Beitragvon franktoast » Sa 20. Jan 2018, 20:40

Skull hat geschrieben:(19 Jan 2018, 17:33)

Korrekt. Was denn auch sonst ? :?:

Sonst würde ich ja nur noch hier schreiben "müssen". :D

Mir erschliesst sich auch nicht welches Interesse die öffentlich Hand haben sollte,
etwas (nicht gesetzliche Zahkungsmittel) als Zahlungsmittel zuzulassen oder zu benutzen,
um es dann umgehend in das gesetzliche Zahkungsmittel zu tauschen.

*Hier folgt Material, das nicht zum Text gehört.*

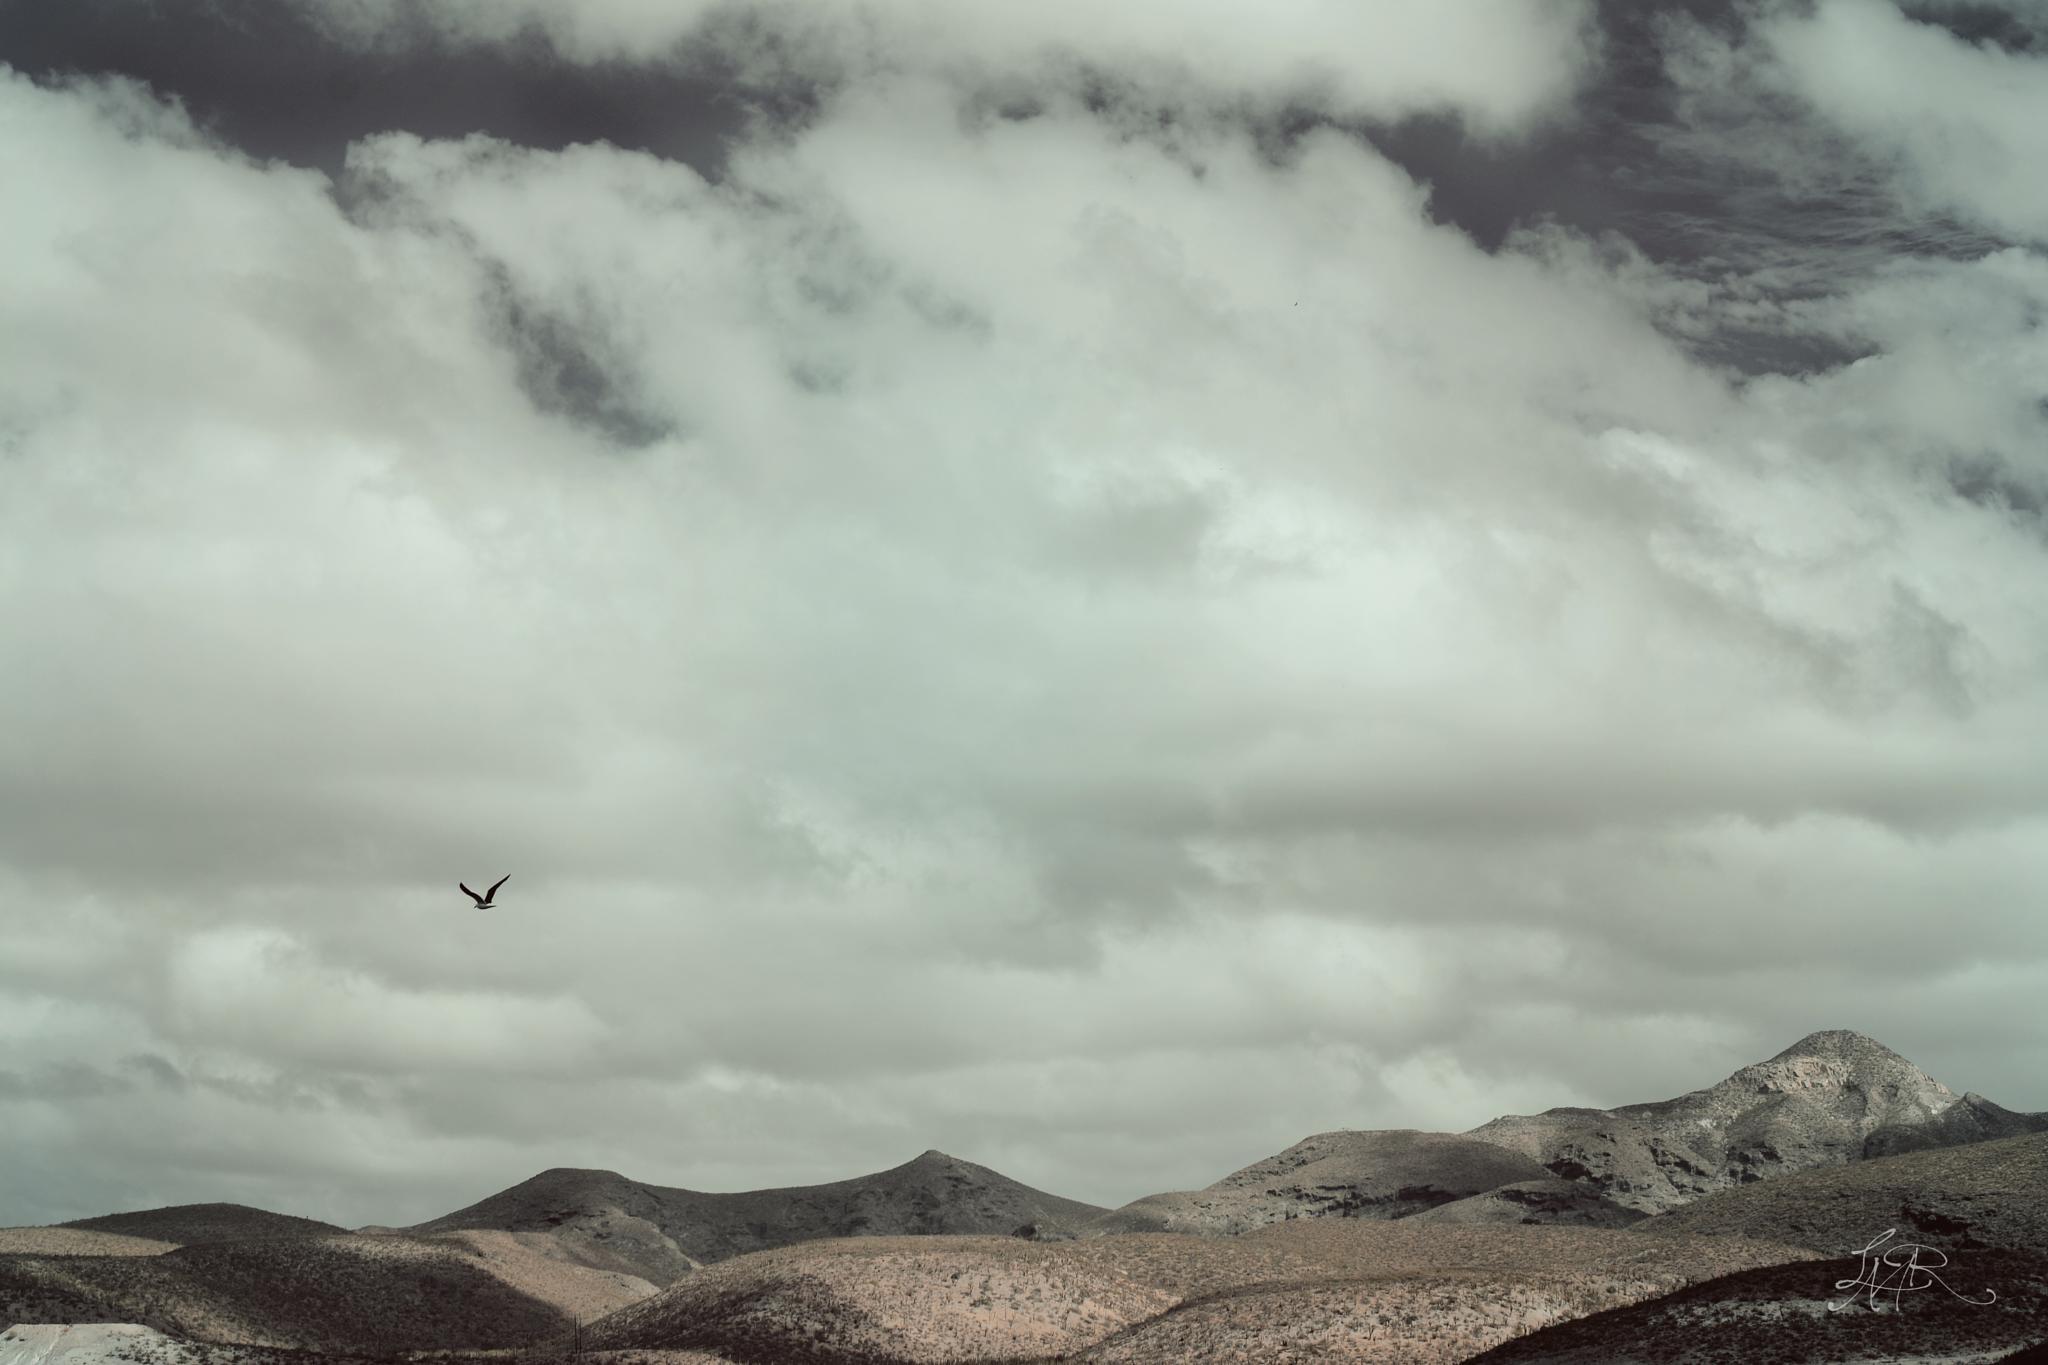 Montañas de la Paz, Méx.  by Lari Moreno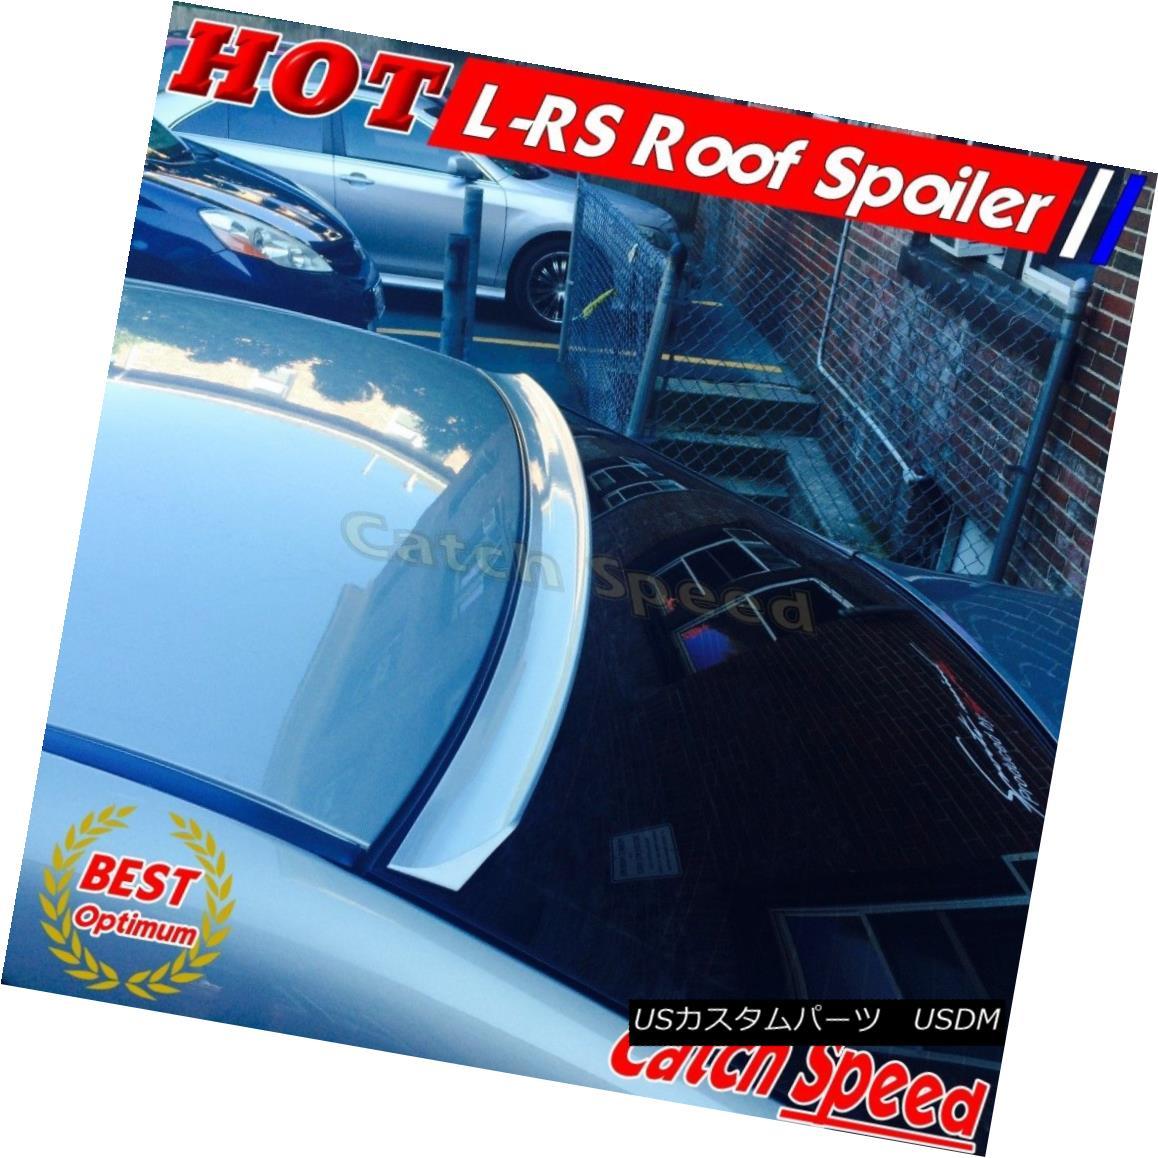 エアロパーツ Painted LRS Type Rear Roof Spoiler Wing For Infiniti Fuga 350GT Sedan 2004-2009? インフィニティフーガ350GTセダン2004-2009用の塗装LRSタイプリアルーフスポイラーウィング?

Wozu der Unweg, wenn es um den Erhalt des gesetzlichen Zahlungsmittels geht ?
...und nur DARAN hat die öffentliche Hand ein Interesse. ;)

mfg

Wie gesagt: Giralgeld ist auch nicht gesetzliches Zahlungsmittel. Trotzdem akzeptiert es der Staat natürlich und nutzt es selber. Und welches Interesse gäbe es, Bitcoin zu akzeptieren? Naja, womöglich versuchen manche im Staat es ihren Bürgern auch recht zu machen. Vlt. macht so etwas Wähler zufrieden? Natürlich könnte der Staat als Monopol auch seine Bürger wie Dreck behandeln. Klar, aber das ist kein Muss.
Ein freier Mensch muß es ertragen können, daß seine Mitmenschen anders handeln und anders leben, als er es für richtig hält, und muß sich abgewöhnen, sobald ihm etwas nicht gefällt, nach der Polizei zu rufen.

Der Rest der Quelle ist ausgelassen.